We apply human characteristics to animals because it makes life simpler for us. We are a very clever species, but we are a self-centred one and we are only capable of seeing the world through our own lens, polished by our life experiences and our personal consciousness. The danger with anthropomorphising animals is that while it makes life neater for us, it also makes wild animals become responsible for their actions. They become worthy of reward or culpable for punishment (Nauert). This holds animals to a standard that they simply don’t qualify for. That they cannot fulfil because they shouldn’t even be in the competition. Is a dog deserving of a smack because it didn’t understand your command? Of course not. It may not even understand the difference between behaviour and misbehaviour. It may not understand anything in the same way that humans do.
A continual argument for anthropomorphising animals is that doing so helps humans feel empathy towards wild animals, and in turn, treat them better. Protect the reef. Stop the Yulin Dog Meat Festival. Preserve our natural wildlife.

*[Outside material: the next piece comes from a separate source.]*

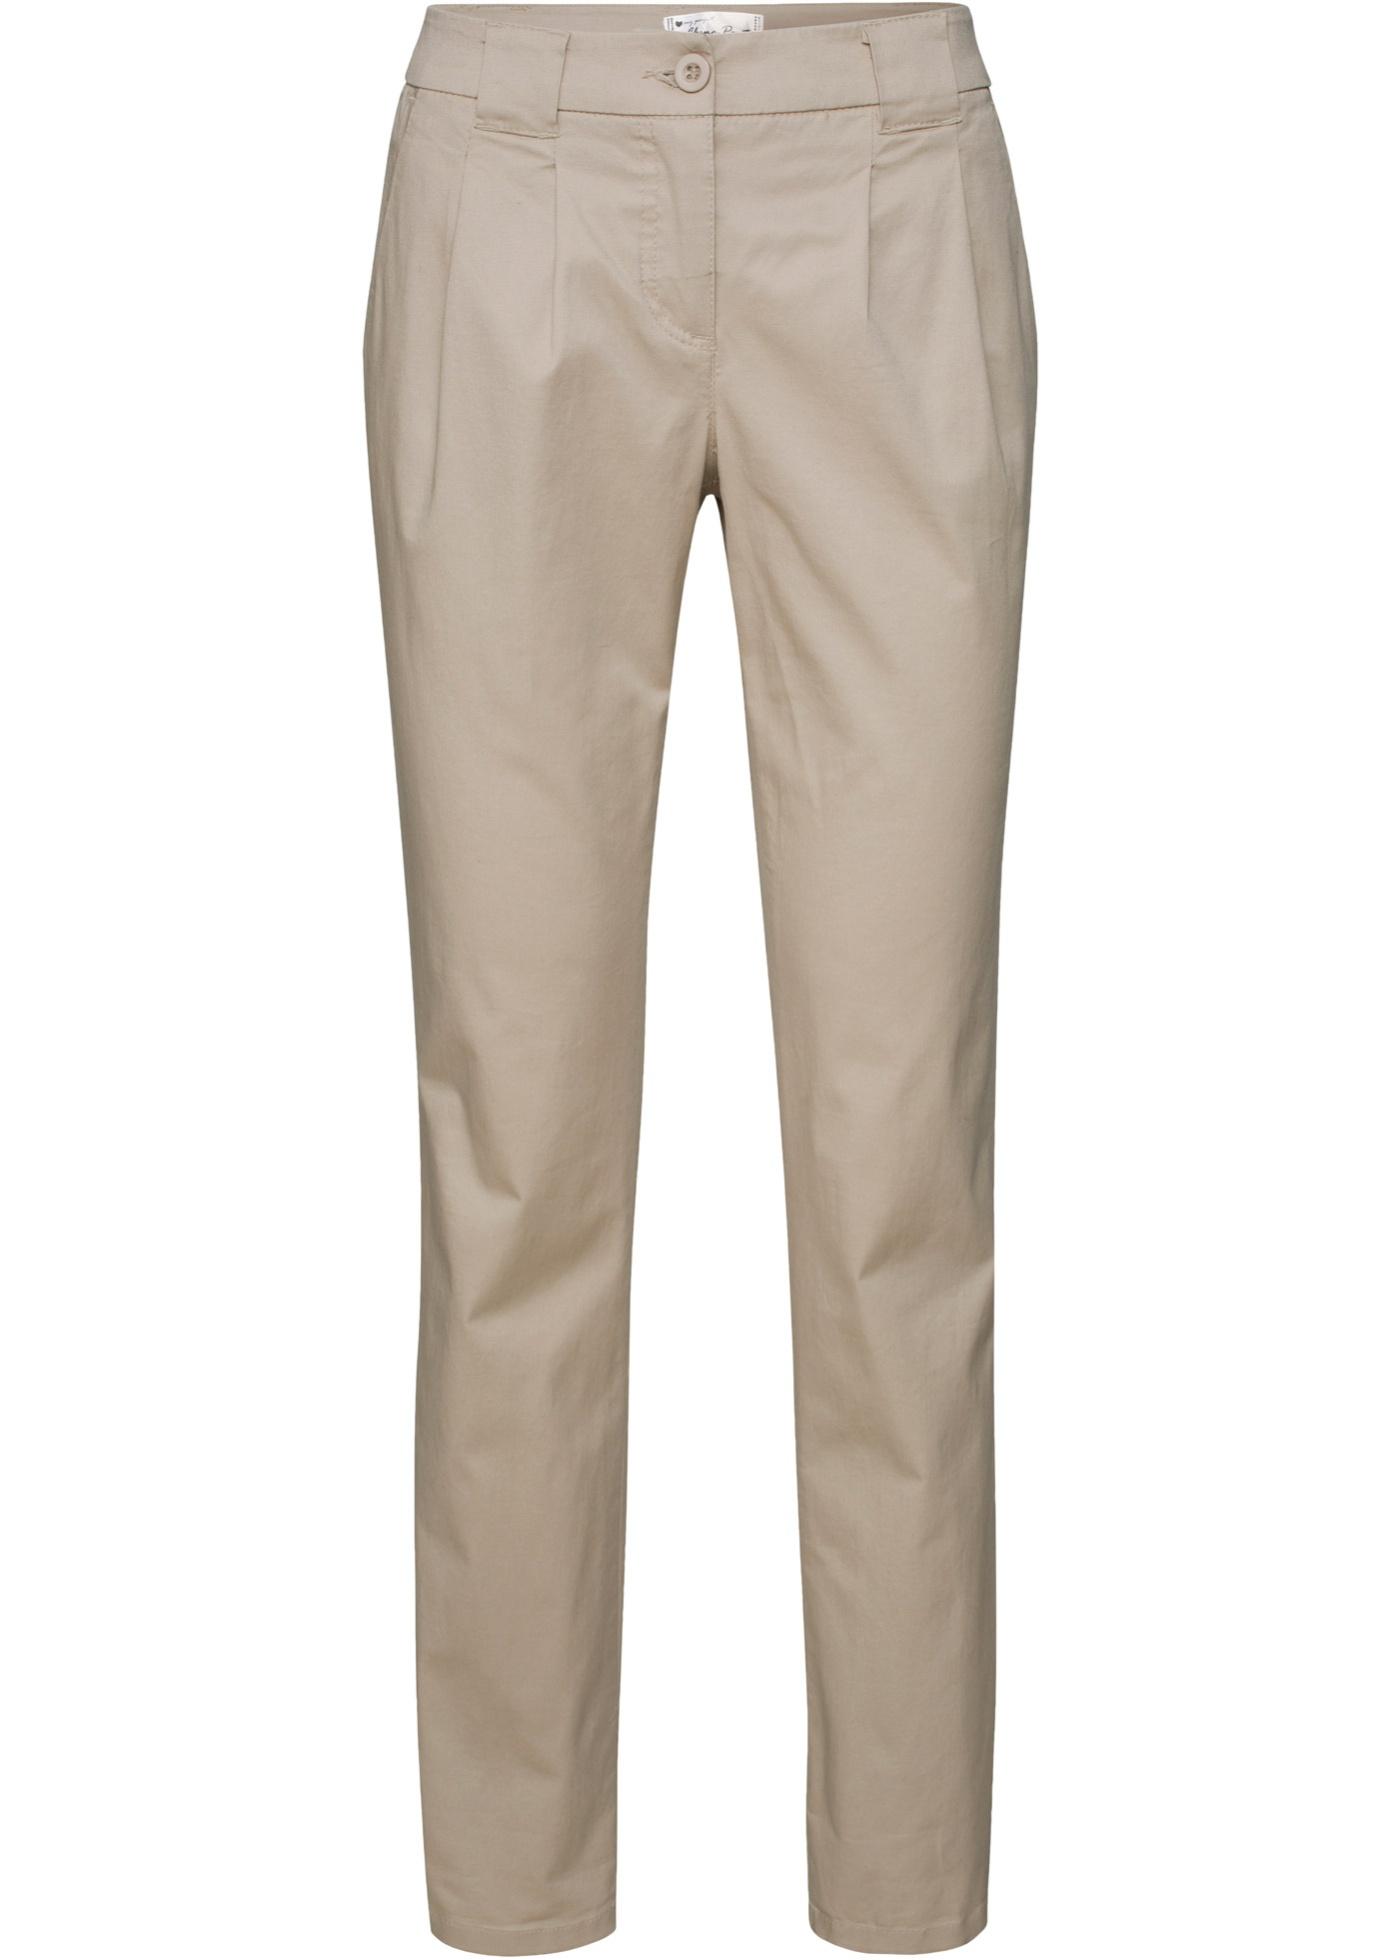 Hosen - Stretch Chinohose › bonprix › beige  - Onlineshop Bonprix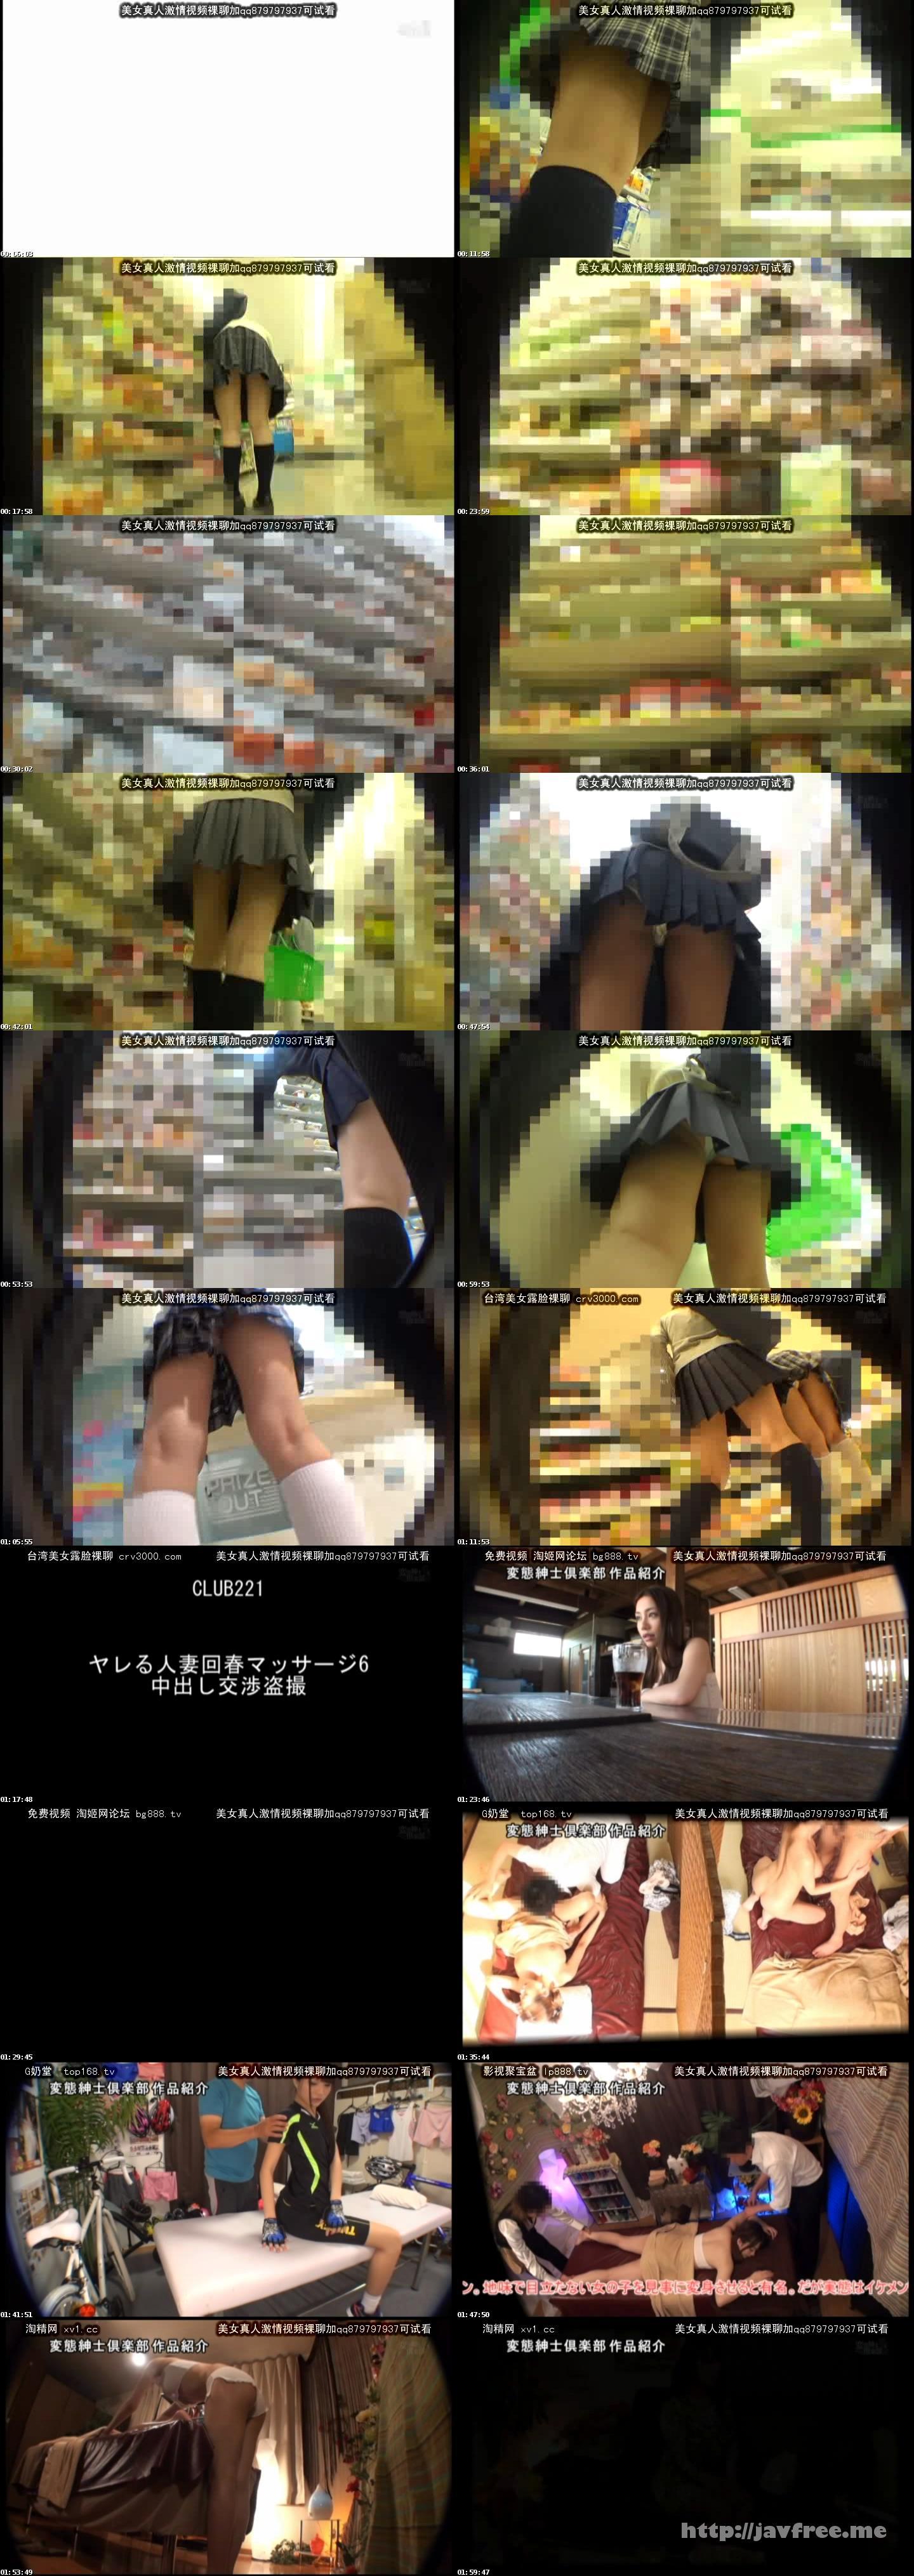 [CLUB 238] 街エロ盗撮 東京パンチラ捜査線 女子校生編7 CLUB

But if we all had baby pandas in our homes to dress in children’s wear and spoon feed, would we care more about the destruction of natural bamboo forests? Maybe we would. But maybe we would not.
This concept was drawn upon in the case of Zoos Victoria’s Lunar, the anthropomorphised figurehead of Leadbeater Possums. Research revealed that visitors of the zoo were able to apply human characteristics to mascot Lunar, which were then translated to live Leadbeater possums. This demonstrated a relationship between anthropomorphism, emotional connection and attitudes of conservation (Skibins, Smith & O’Brien).
However, it’s important to note that Lunar is not a living Leadbeater possum, but a fictional character. This is vastly different from humanising a wild animal for our own relatability, which we often seem to do, see: monkeys riding bikes in South East Asia, dancing bears in Russia, the online art trade that profits from elephant-made artworks.
The question to raise here – and interestingly, I have found this particular question occur in each blog thus far – is does the ends qualify the means?
Is humanising, making us lose our humanity?
References:
Nauert, R. 2015, ‘Why Do We Anthropomorphize?’, Psych Central, retrieved on March 30, 2017 <https://psychcentral.com/news/2010/03/01/why-do-we-anthropomorphize/11766.html>
Skibins, J, Smith, A & O’Brien, J 2015 ‘Can Anthropomorphism Help Save the Leadbeater’s Possum’, IZE Journal, vol. 51, pp. 22-25.